§ **DATASET RECORDS**
______
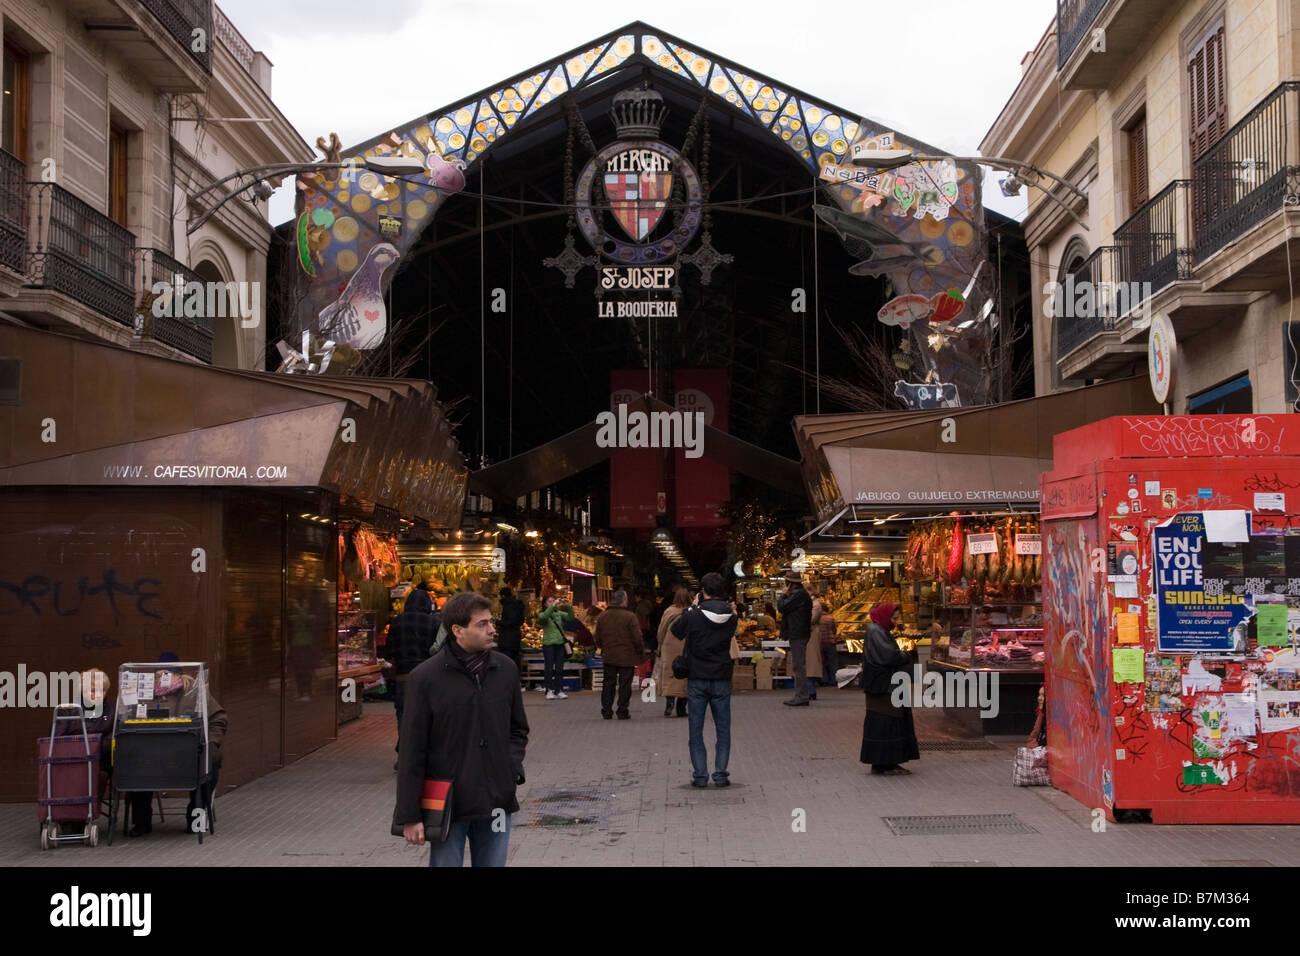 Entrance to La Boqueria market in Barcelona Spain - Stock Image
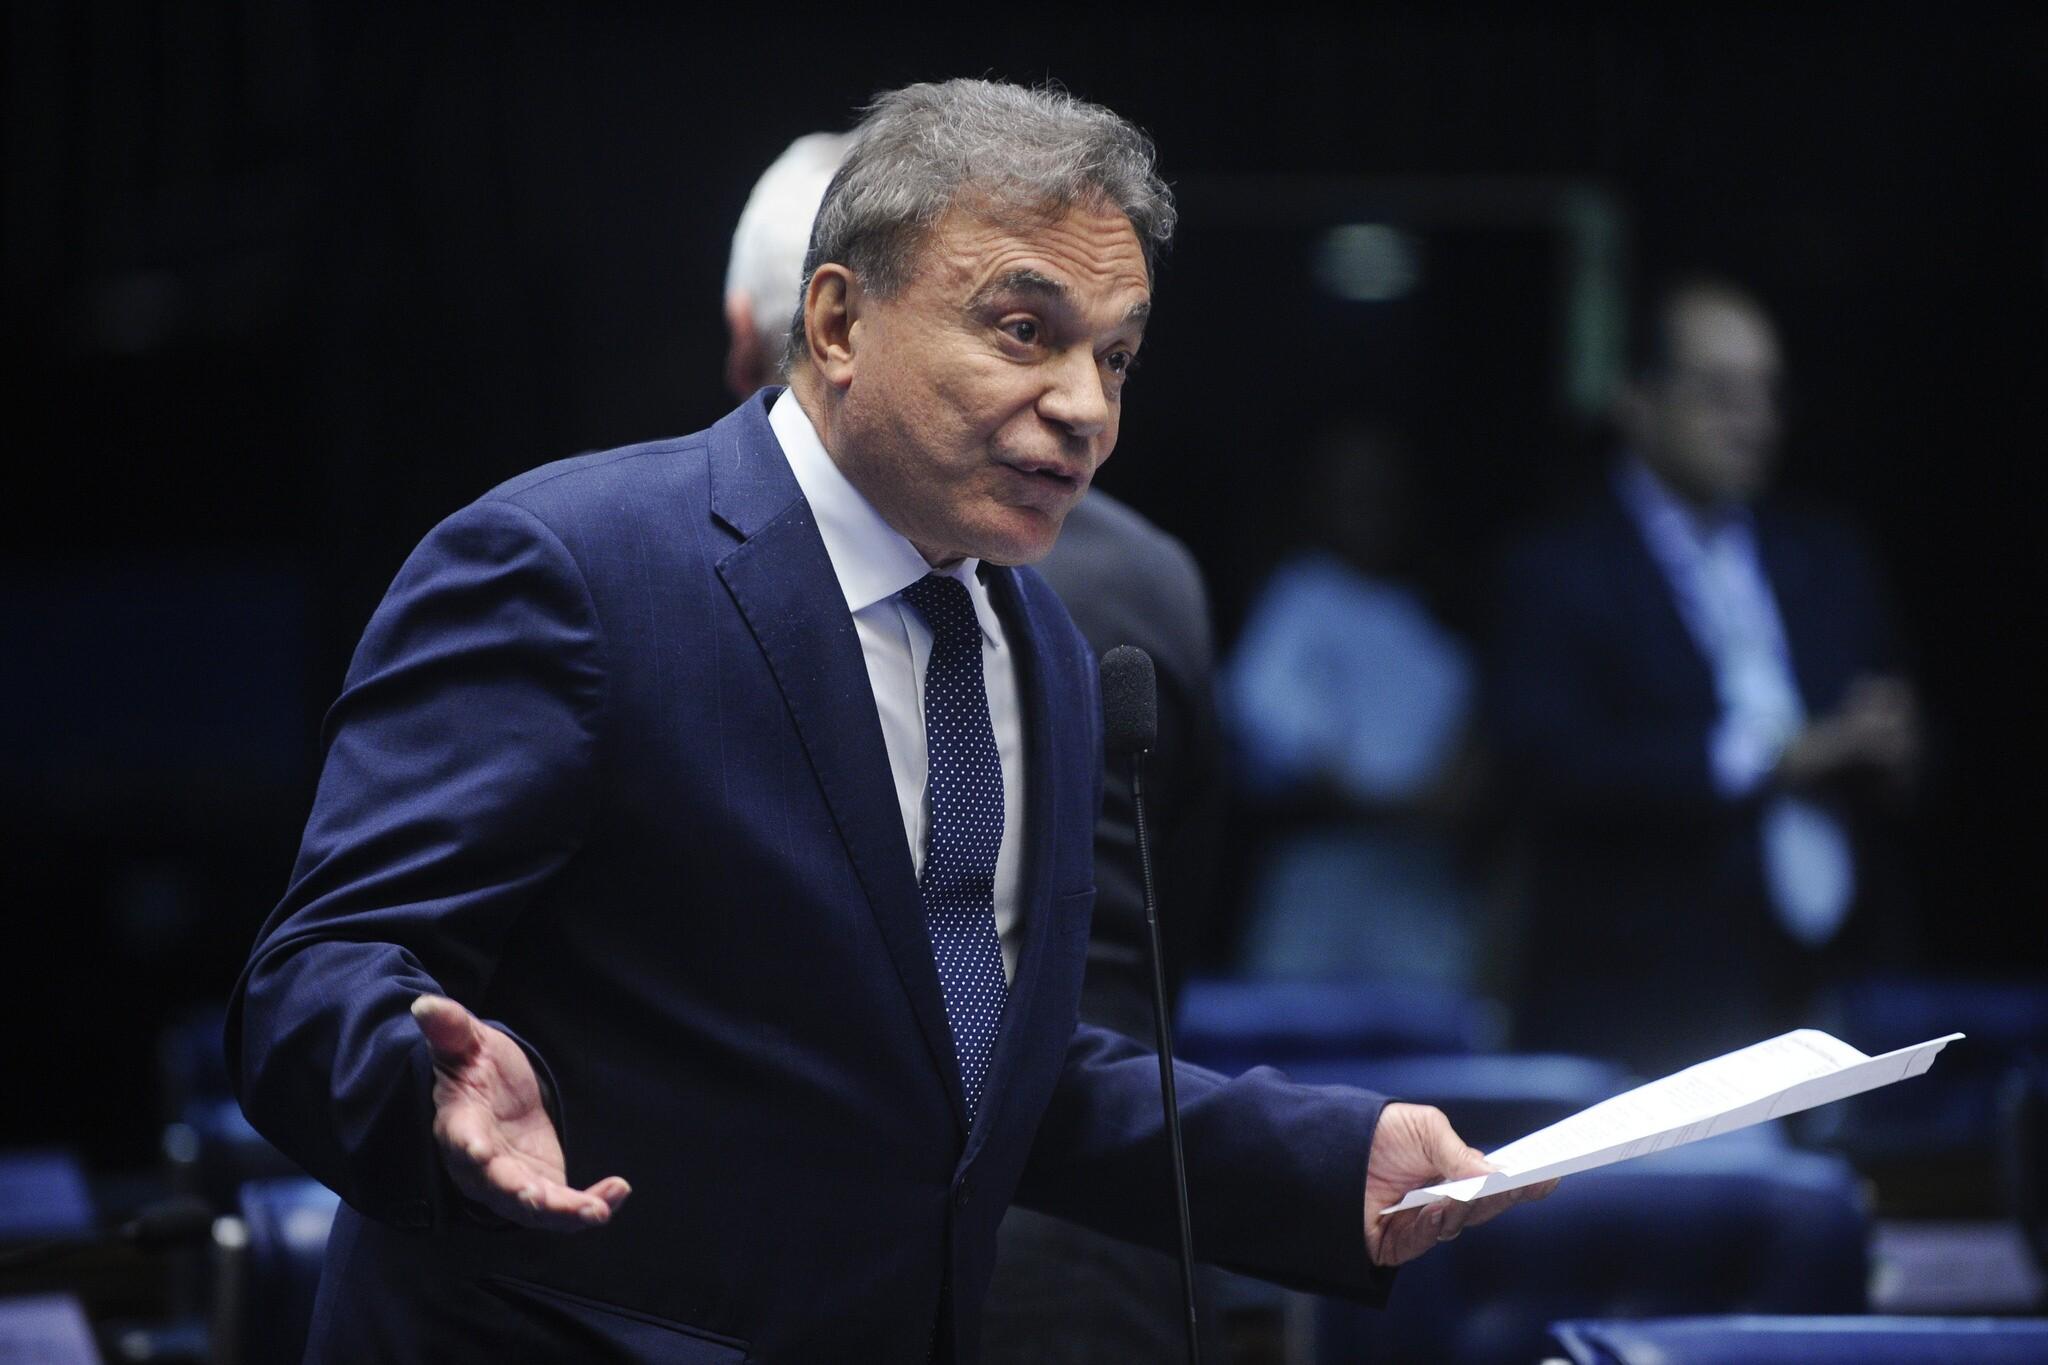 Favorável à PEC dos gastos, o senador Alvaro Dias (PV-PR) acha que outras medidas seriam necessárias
______
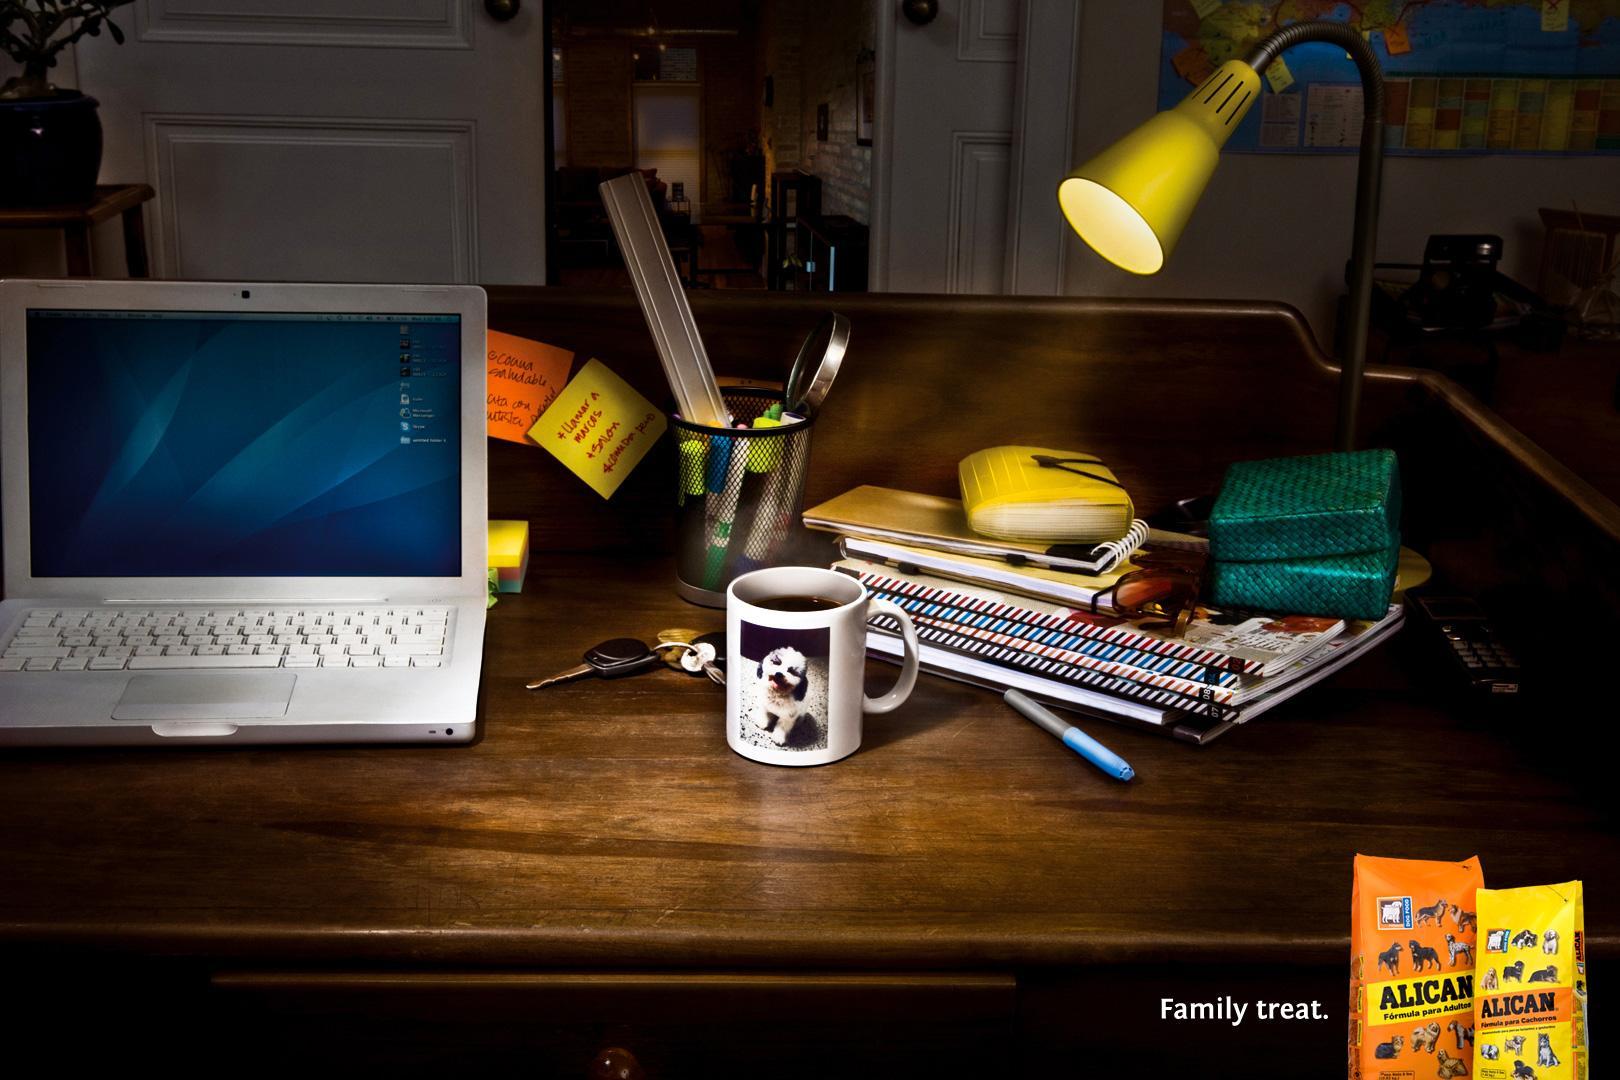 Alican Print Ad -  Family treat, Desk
______
§ **YOUR GOAL**
For the data above, set down exactly the lines from the line with "Entrance to La" to the line with "Favorável à PEC", both included, leaving pictures out.

§ **ANSWER SPACE**
 Entrance to La Boqueria market in Barcelona Spain - Stock Image
 Favorável à PEC dos gastos, o senador Alvaro Dias (PV-PR) acha que outras medidas seriam necessárias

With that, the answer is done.